* Problem statement:
Wherever a picture appears in the listing, leave it out, and copy the rest exactly.
--- Provided material ---
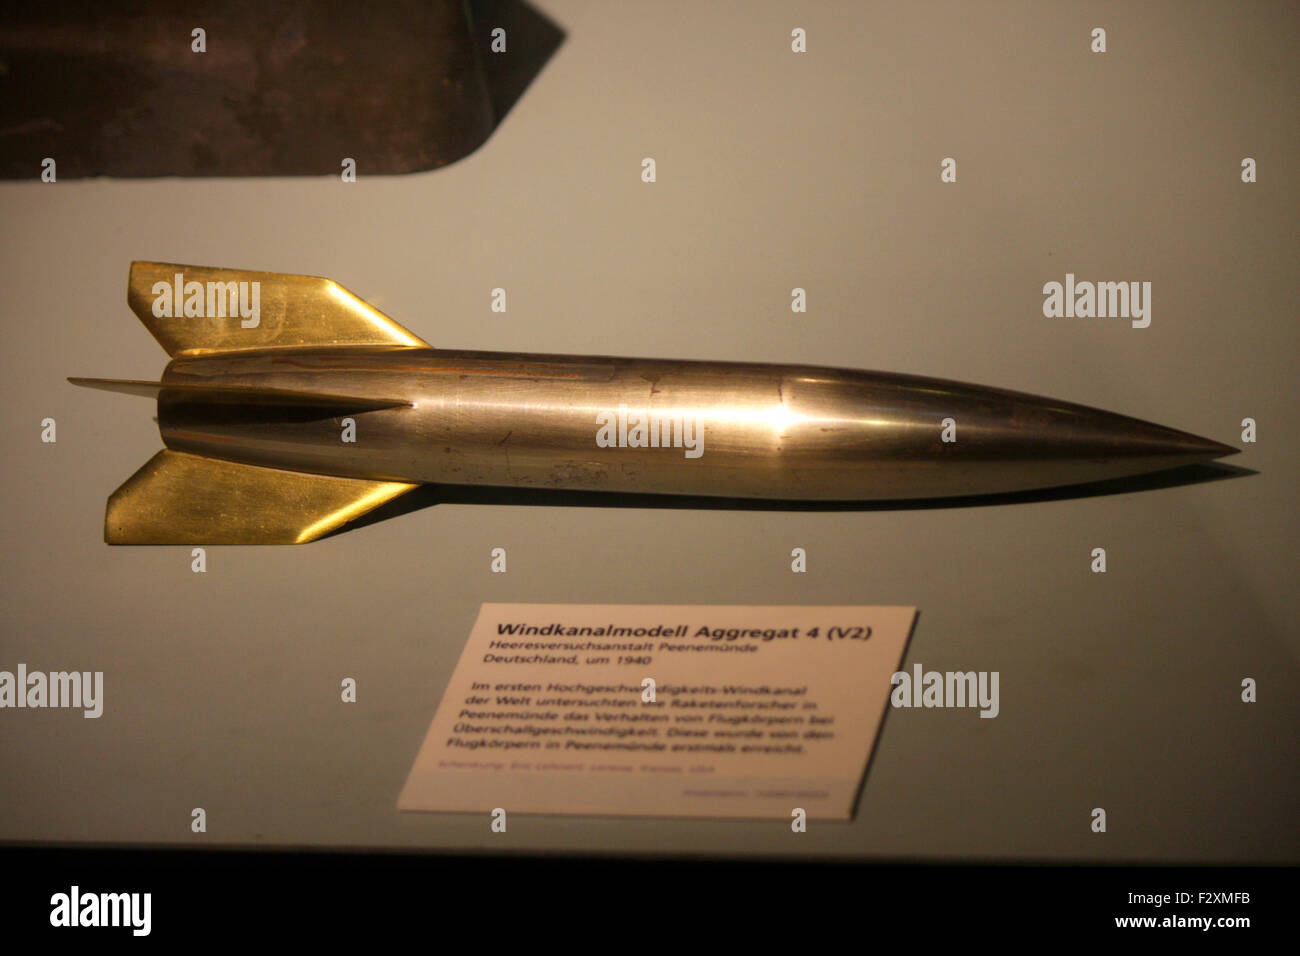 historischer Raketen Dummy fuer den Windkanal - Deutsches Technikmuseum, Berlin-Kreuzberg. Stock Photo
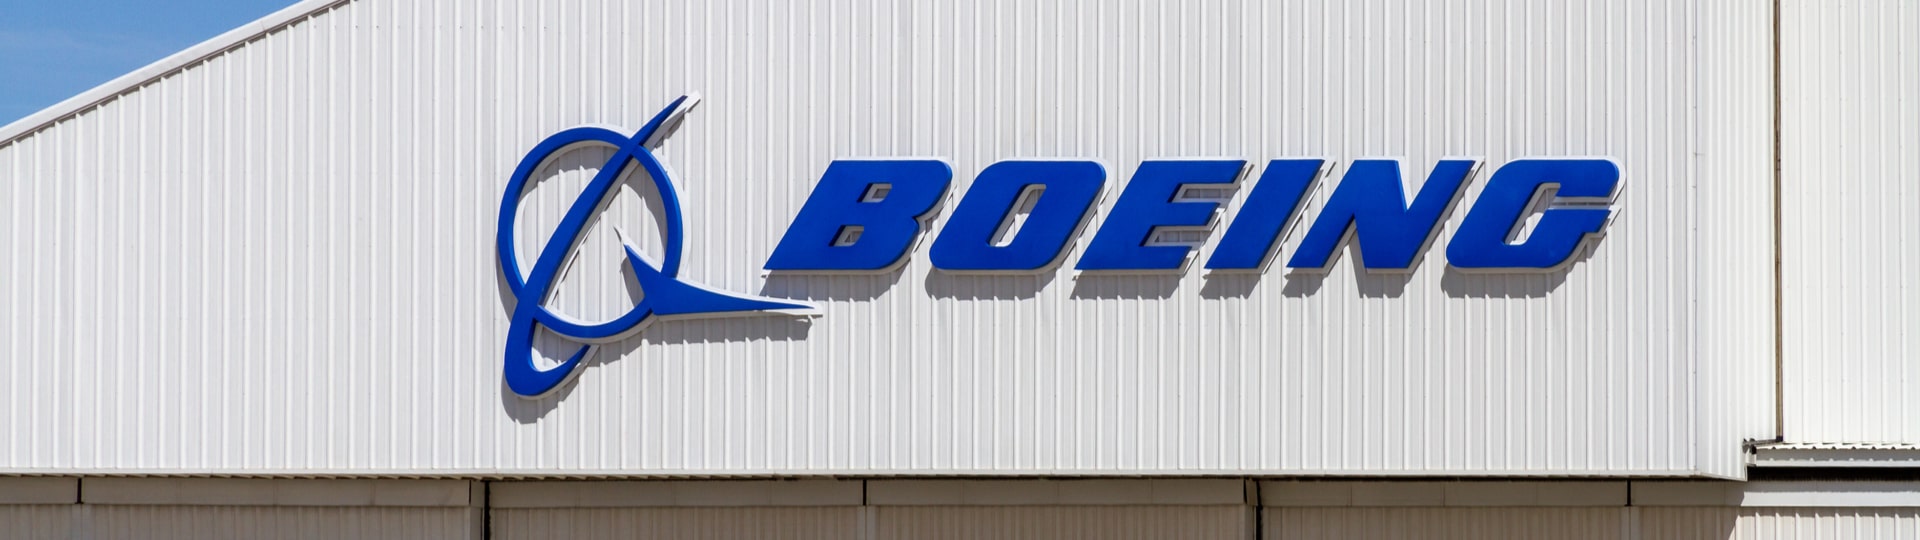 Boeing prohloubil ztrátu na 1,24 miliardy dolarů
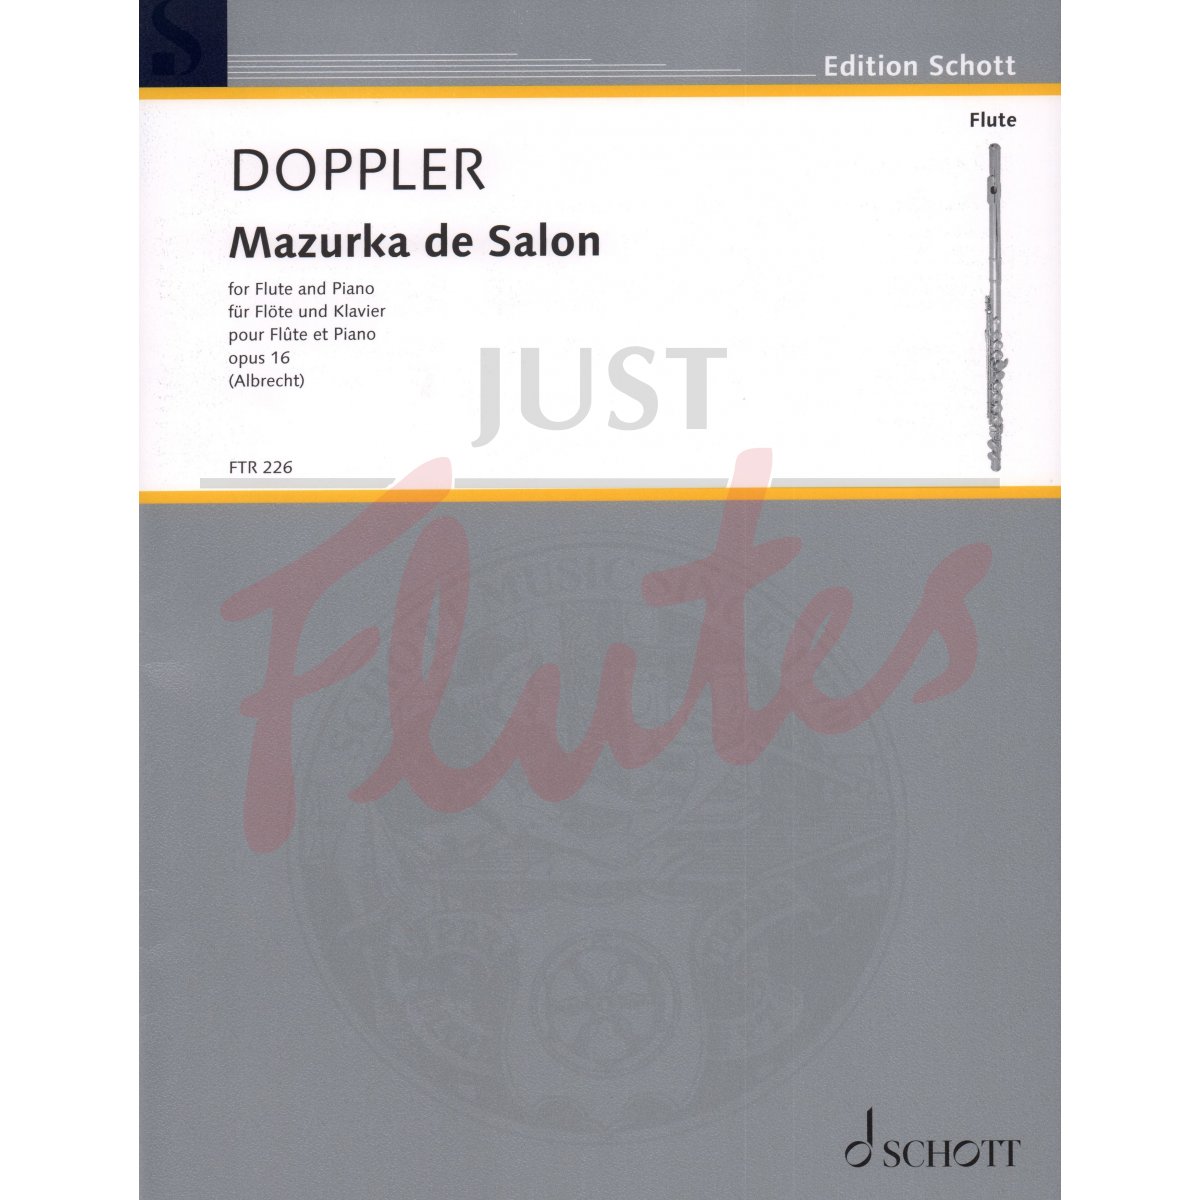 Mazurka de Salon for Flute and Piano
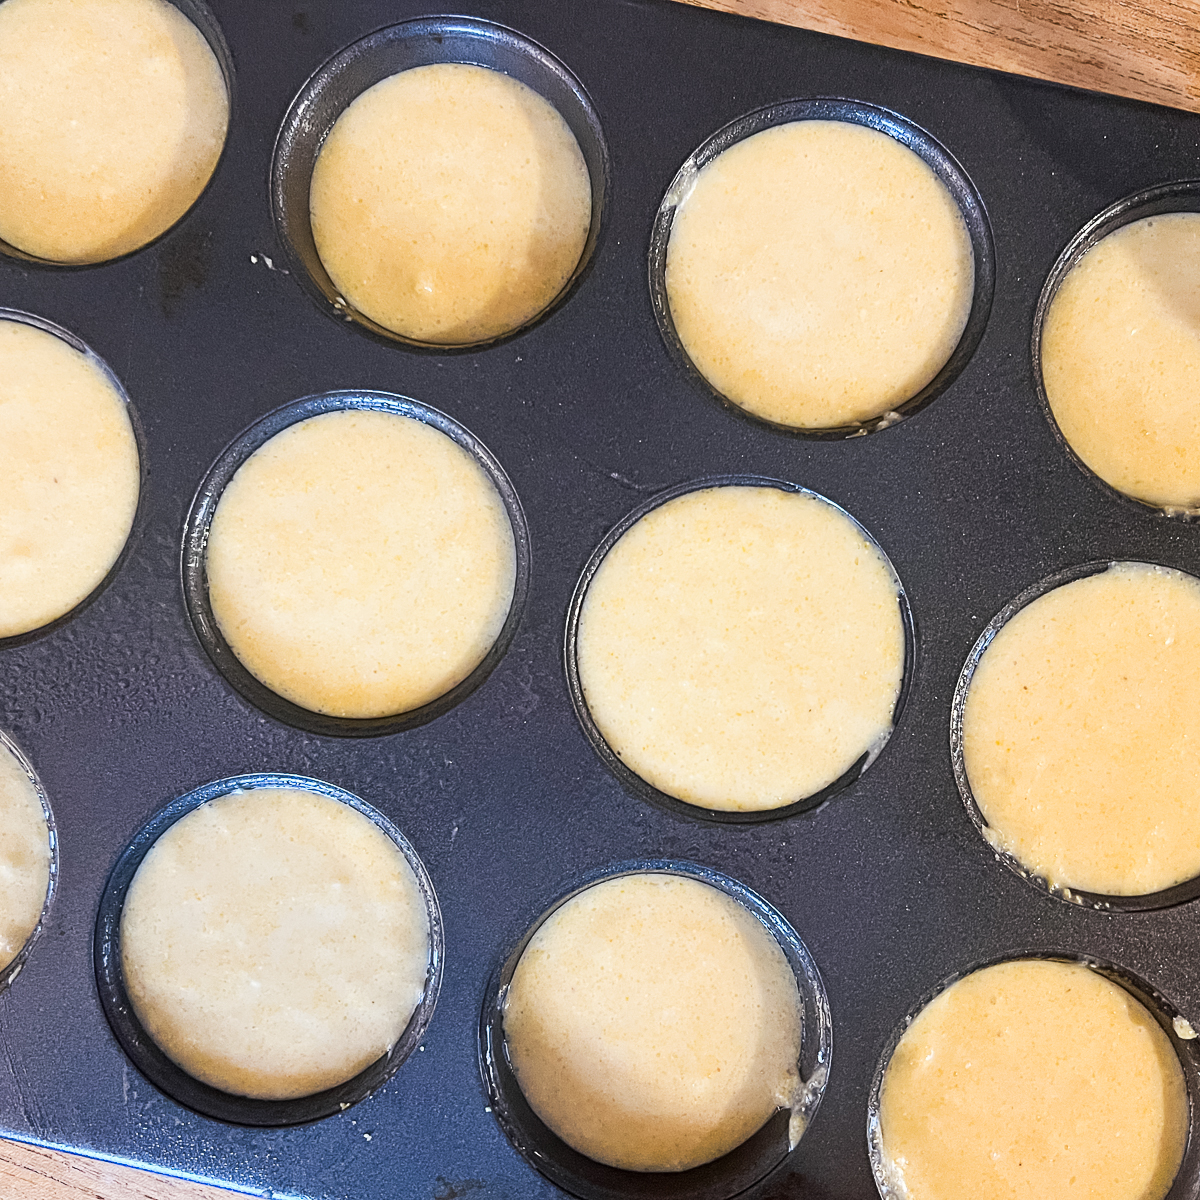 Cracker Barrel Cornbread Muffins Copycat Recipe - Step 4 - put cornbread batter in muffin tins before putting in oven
---
* Written answer:
 historischer Raketen Dummy fuer den Windkanal - Deutsches Technikmuseum, Berlin-Kreuzberg. Stock Photo
 Boeing prohloubil ztrátu na 1,24 miliardy dolarů
 Mazurka de Salon for Flute and Piano
 Cracker Barrel Cornbread Muffins Copycat Recipe - Step 4 - put cornbread batter in muffin tins before putting in oven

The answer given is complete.